Exercise brief: Exclude the images, then return every line below exactly as written.

Recorded data:
'''
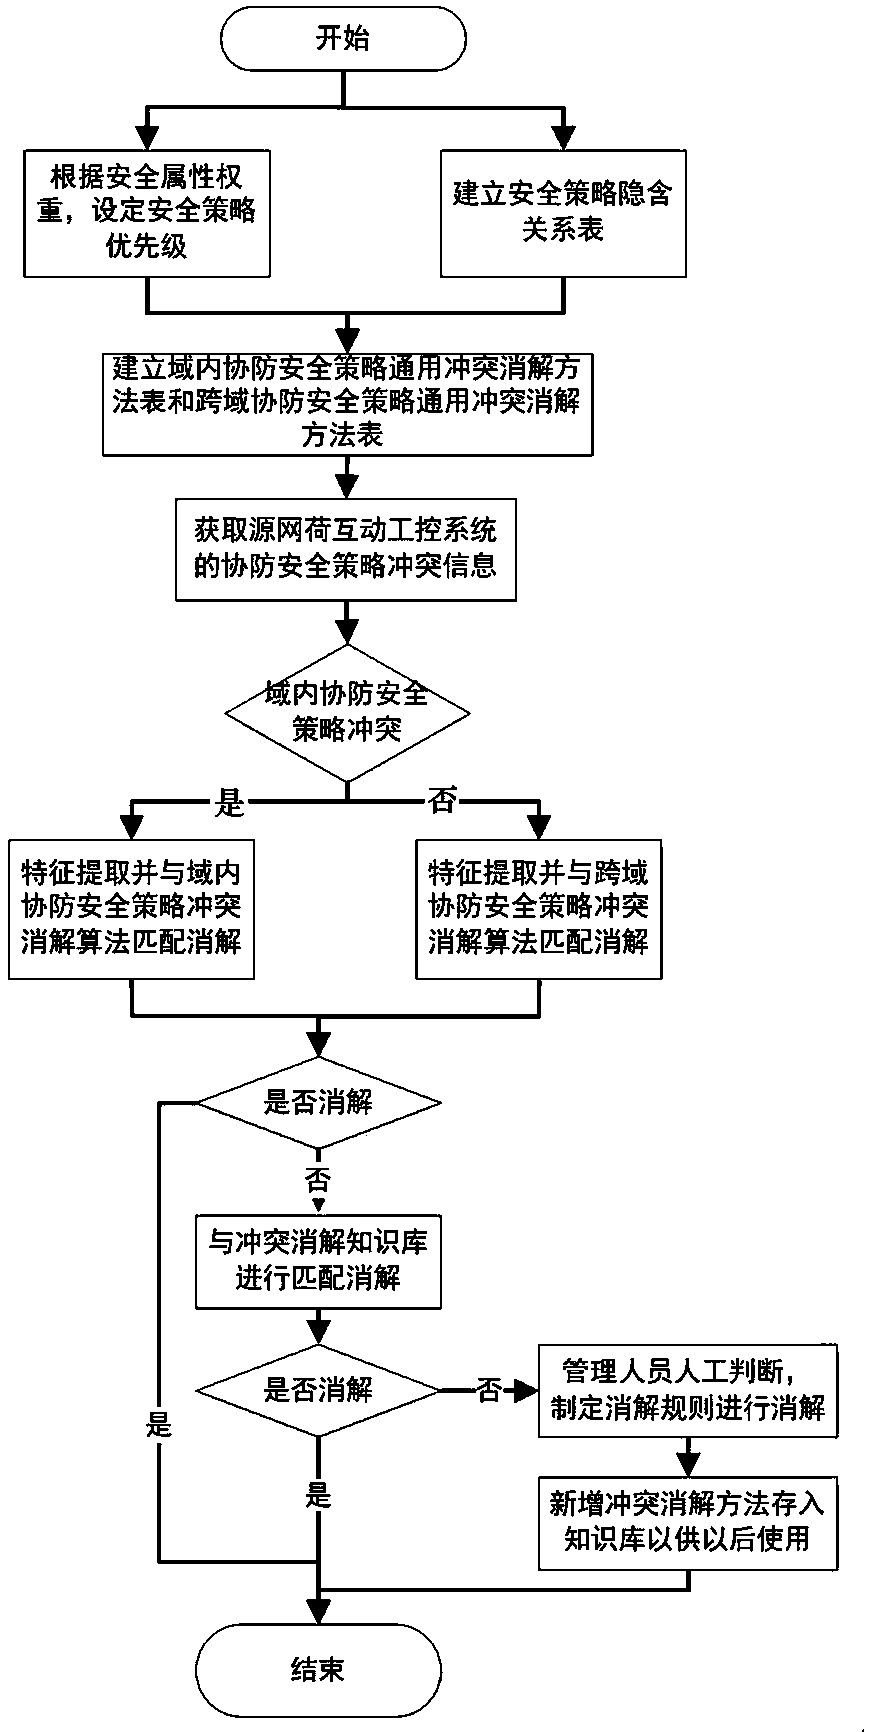 Collaborative defense strategy conflict resolution method and system
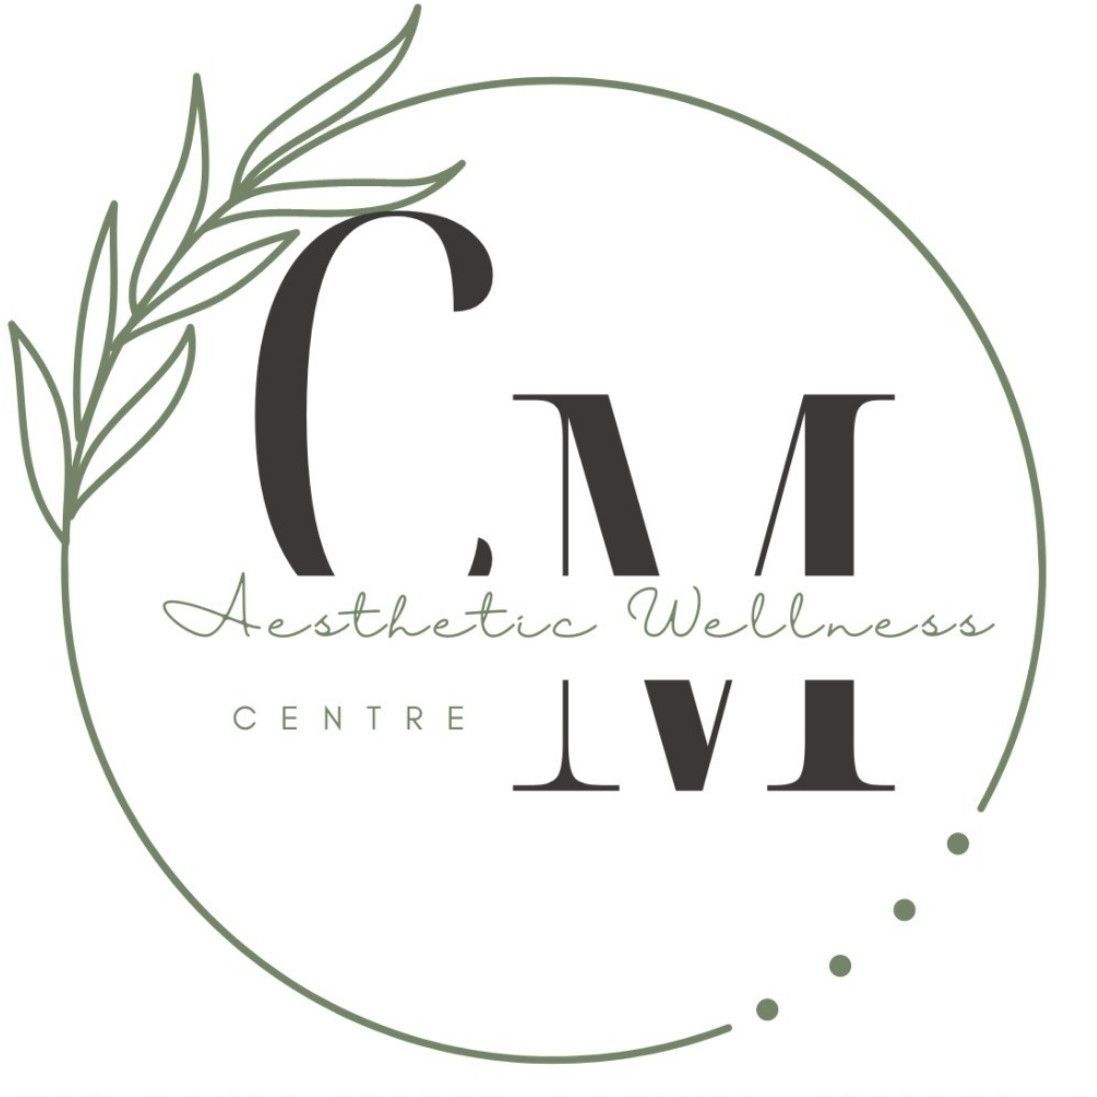 CM Aesthetic Wellness Centre, 10 Newhouse St, 1559, Springs
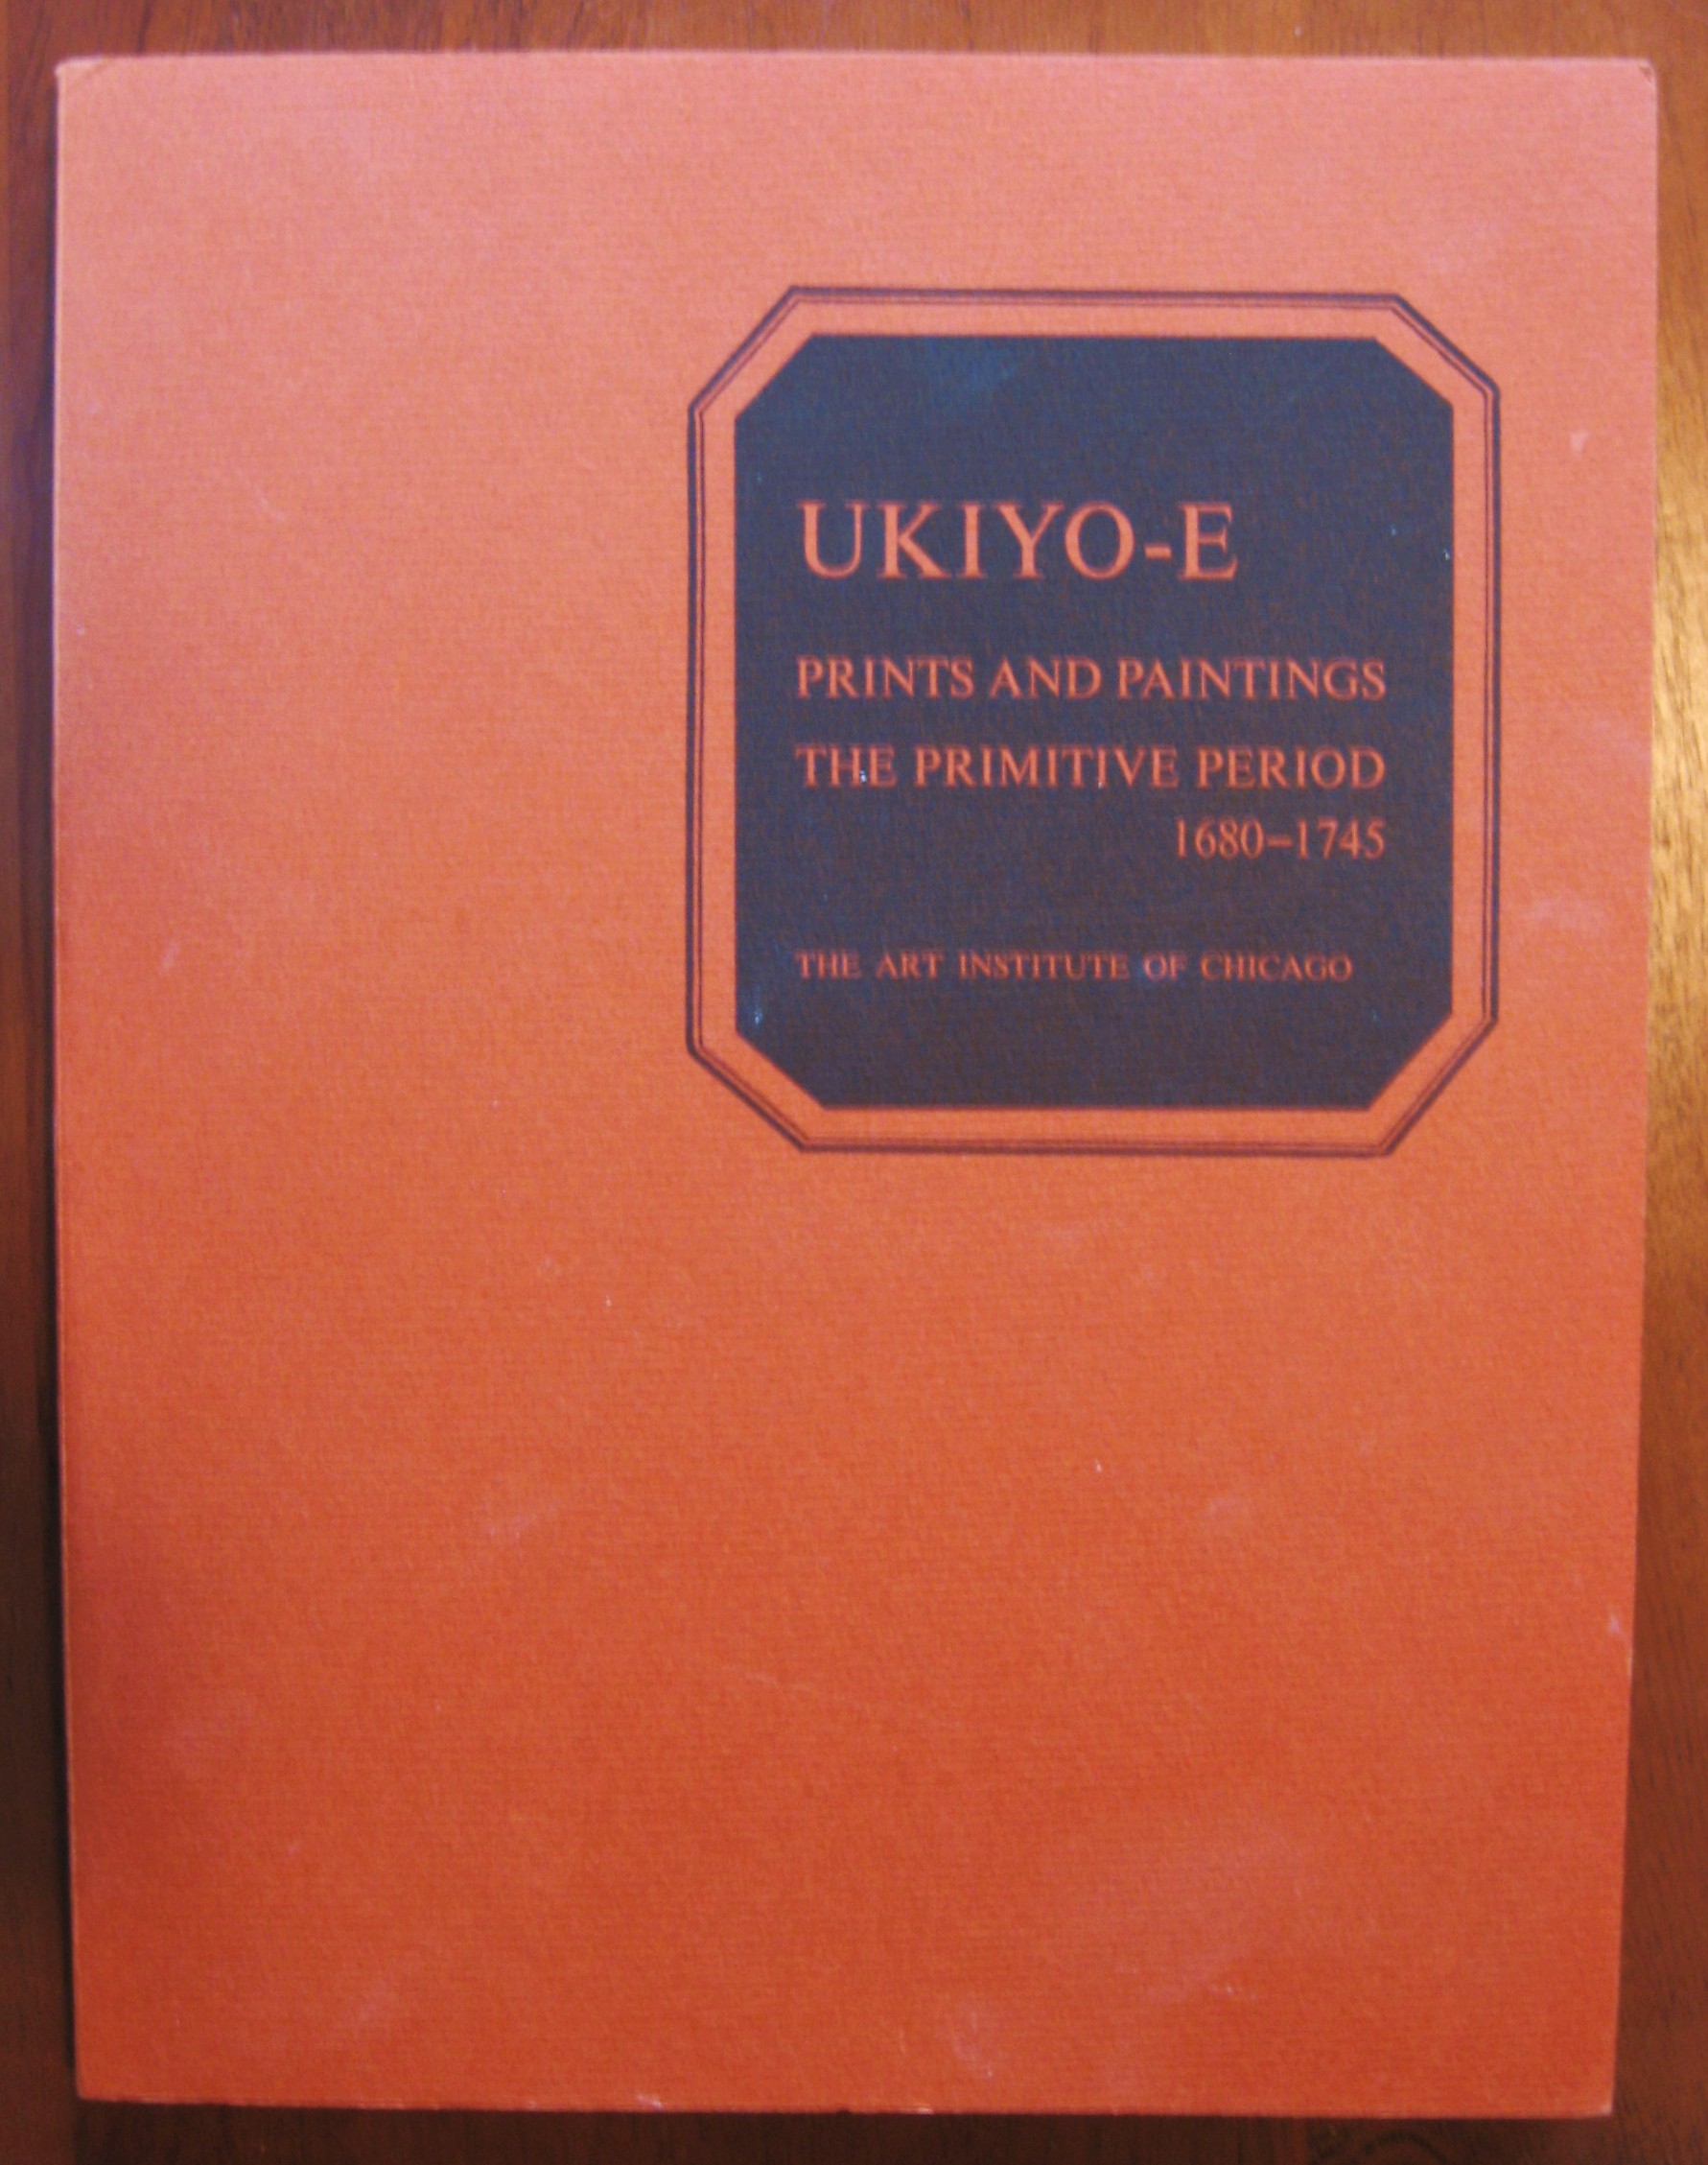 UKIYO-E Prints and Paintings The Primitive Period
'''
Written solution:
 Collaborative defense strategy conflict resolution method and system
 CM Aesthetic Wellness Centre, 10 Newhouse St, 1559, Springs
 UKIYO-E Prints and Paintings The Primitive Period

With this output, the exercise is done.